Prp8 and the RNaseH-like domain

Prp8 displays clear EM density for most sequences (fig. S5, A to G). The Jab1/MPN domain exhibits no density and is not modeled in our structure. Both the N domain and the core of Prp8 in the C complex align well with those in the Bact complex (43) (Fig. 5A). Consistent with a role in stabilizing the bound 5′ exon (43), the switch loops (residues 1402 to 1439) in these two complexes adopt an identical conformation. The ribonuclease H (RNaseH)–like domains, however, exhibit a large positional shift of up to 99 Å between the Bact and C complexes. Prp8 of the S. cerevisiae C complex and Spp42 of the S. pombe ILS complex (11) also exhibit very similar conformations for their N domains and the cores (Fig. 5B). Conversely, the switch loop in Spp42 points in the opposite direction of that in Prp8 of the C complex, reflecting the 5′-exon released state in the ILS complex. The RNaseH-like domains in these two complexes adopt very different positions (Fig. 5B). Similar to that between the U4/U6.U5 tri-snRNP and the Bact complex (43), only the core of Prp8 from the tri-snRNP aligns well with that of the C complex (Fig. 5C). The N domains, switch loops, and RNaseH-like domains all display marked positional variations.

Fig. 5 Structural comparison of the central component Prp8 (Spp42 in S. pombe) among three spliceosomal complexes and the U4/U6.U5 tri-snRNP.

(A) Structural comparison of Prp8 between the Bact (43) and C complexes from S. cerevisiae.
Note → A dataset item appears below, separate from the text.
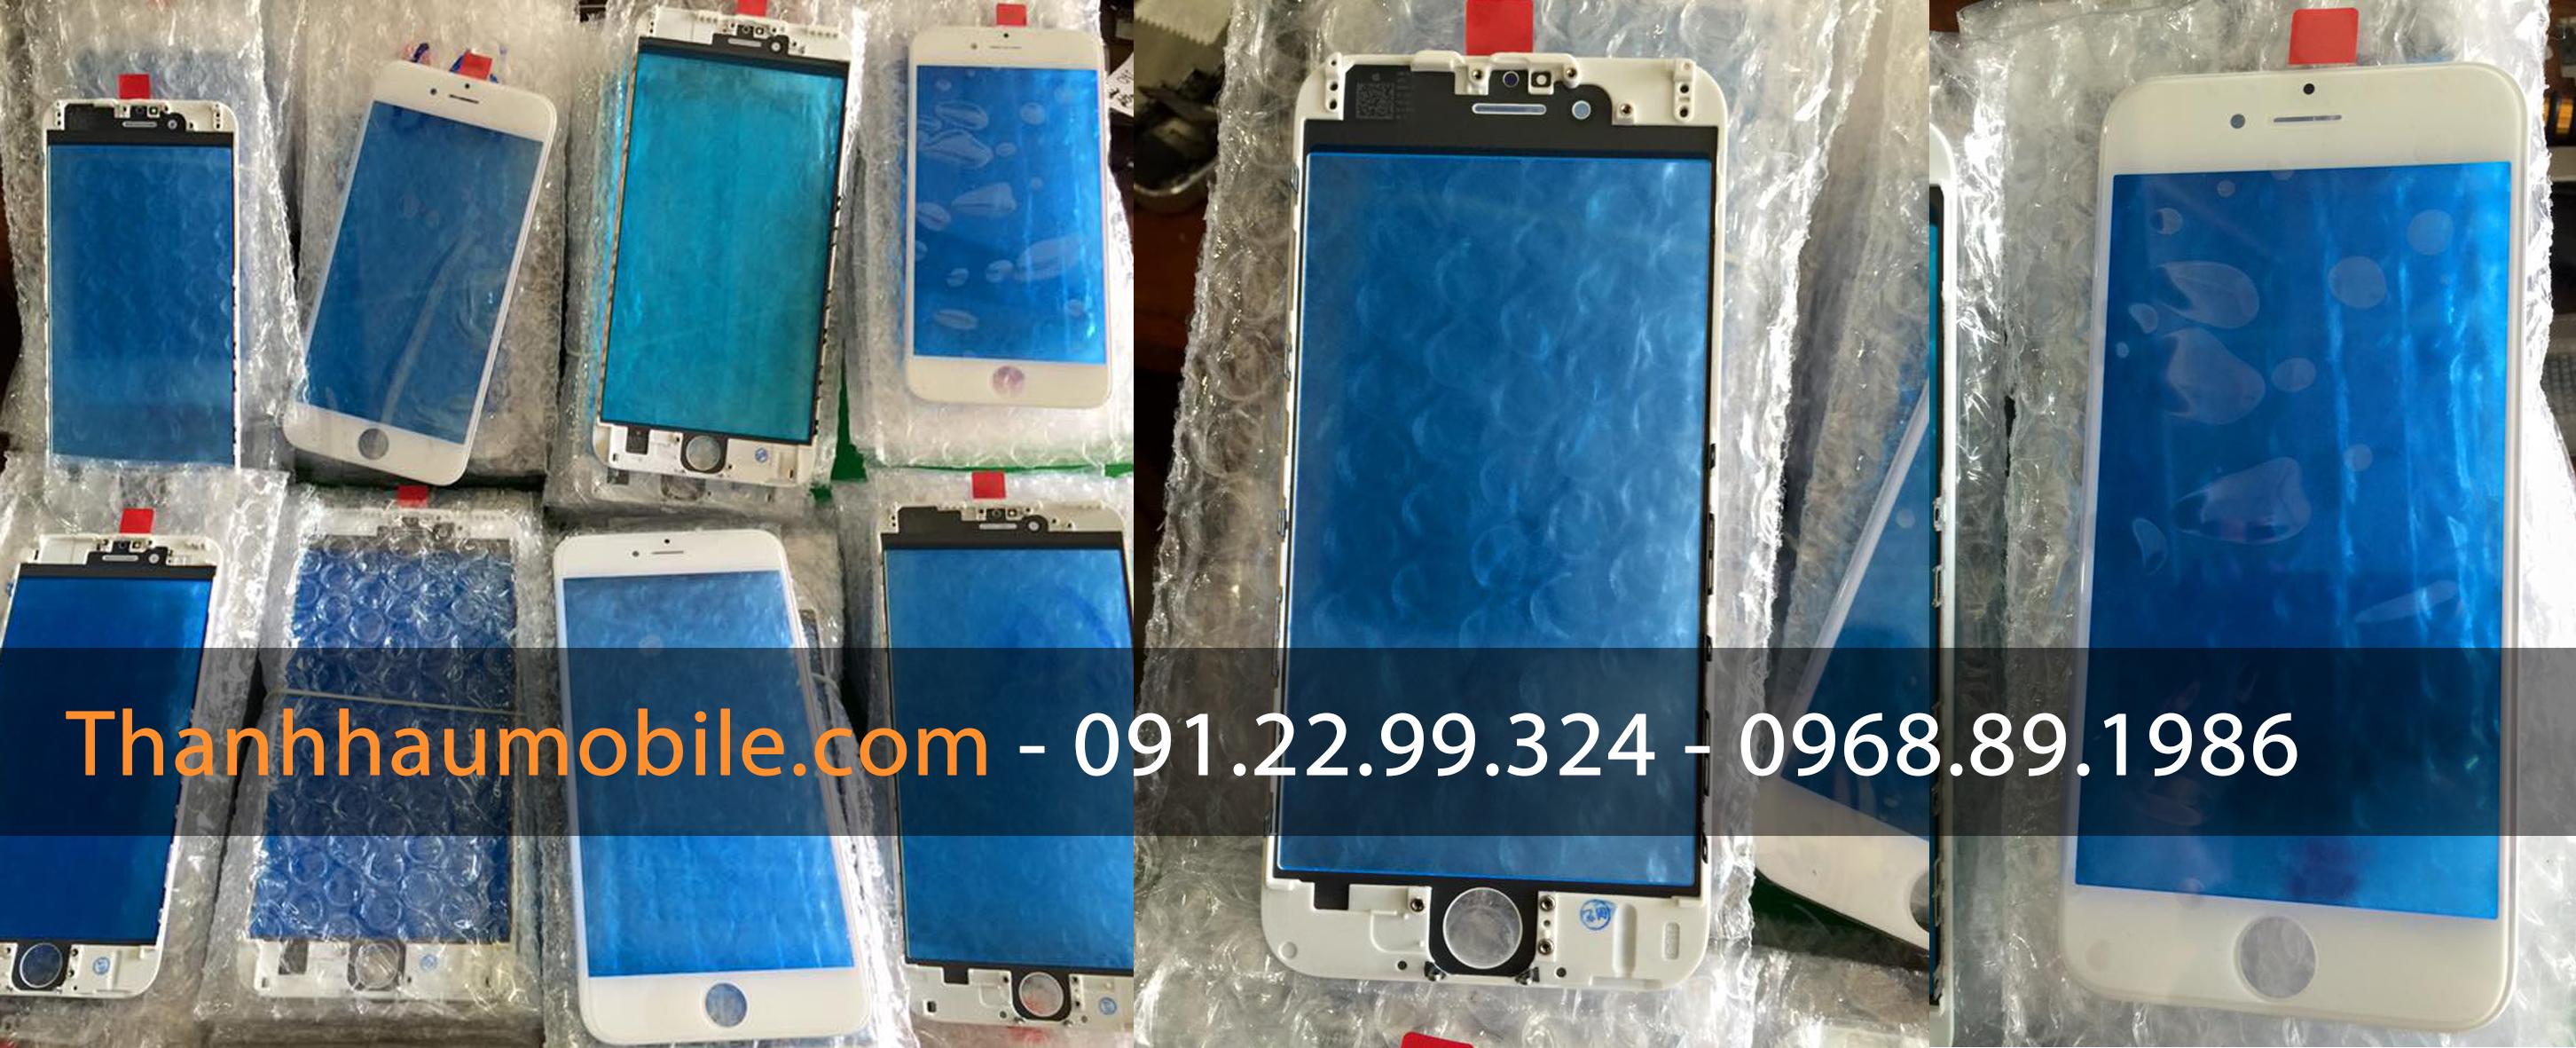 Thay mặt kính iphone 6 giá bao nhiêu | giá thay mặt kính iphone 6 [HN]

Both the N domain and the core of Prp8 align well, including the switch loop (colored orange and magenta in the Bact and C complexes, respectively). In contrast, the RNaseH-like domain adopts two markedly different locations in the two complexes. (B) Structural comparison of Prp8 from the S. cerevisiae C complex and Spp42 from the S. pombe ILS complex (11). Compared with that in the C complex, the switch loop in the ILS complex (colored red) is flipped 180°. The RNaseH-like domains exhibit pronounced positional differences in the two complexes. (C) Structural comparison of Prp8 between the C complex and the U4/U6.U5 tri-snRNP from S. cerevisiae (41). The N domains, switch loops, and RNaseH-like domains all exhibit large differences. Similar to that in the ILS complex, the switch loop in the tri-snRNP points in the opposite direction of that in the C complex. (D) Three close-up views of the RNaseH-like domains. A pairwise comparison of the RNaseH-like domains is shown between the Bact (43) and C complexes from S. cerevisiae (left), between the S. cerevisiae C complex and the S. pombe ILS complex (11) (middle), and between the C complex and the tri-snRNP from S. cerevisiae (41) (right). (E) Superposition of the RNaseH-like domains from the four complexes. The smallest difference has a root mean square deviation (RMSD) of only 0.62 Å for 244 aligned Cα atoms between the Bact and C complexes. The largest variation has an RMSD of 1.52 Å for 228 aligned Cα atoms between the S. cerevisiae Bact complex and the S. pombe ILS complex.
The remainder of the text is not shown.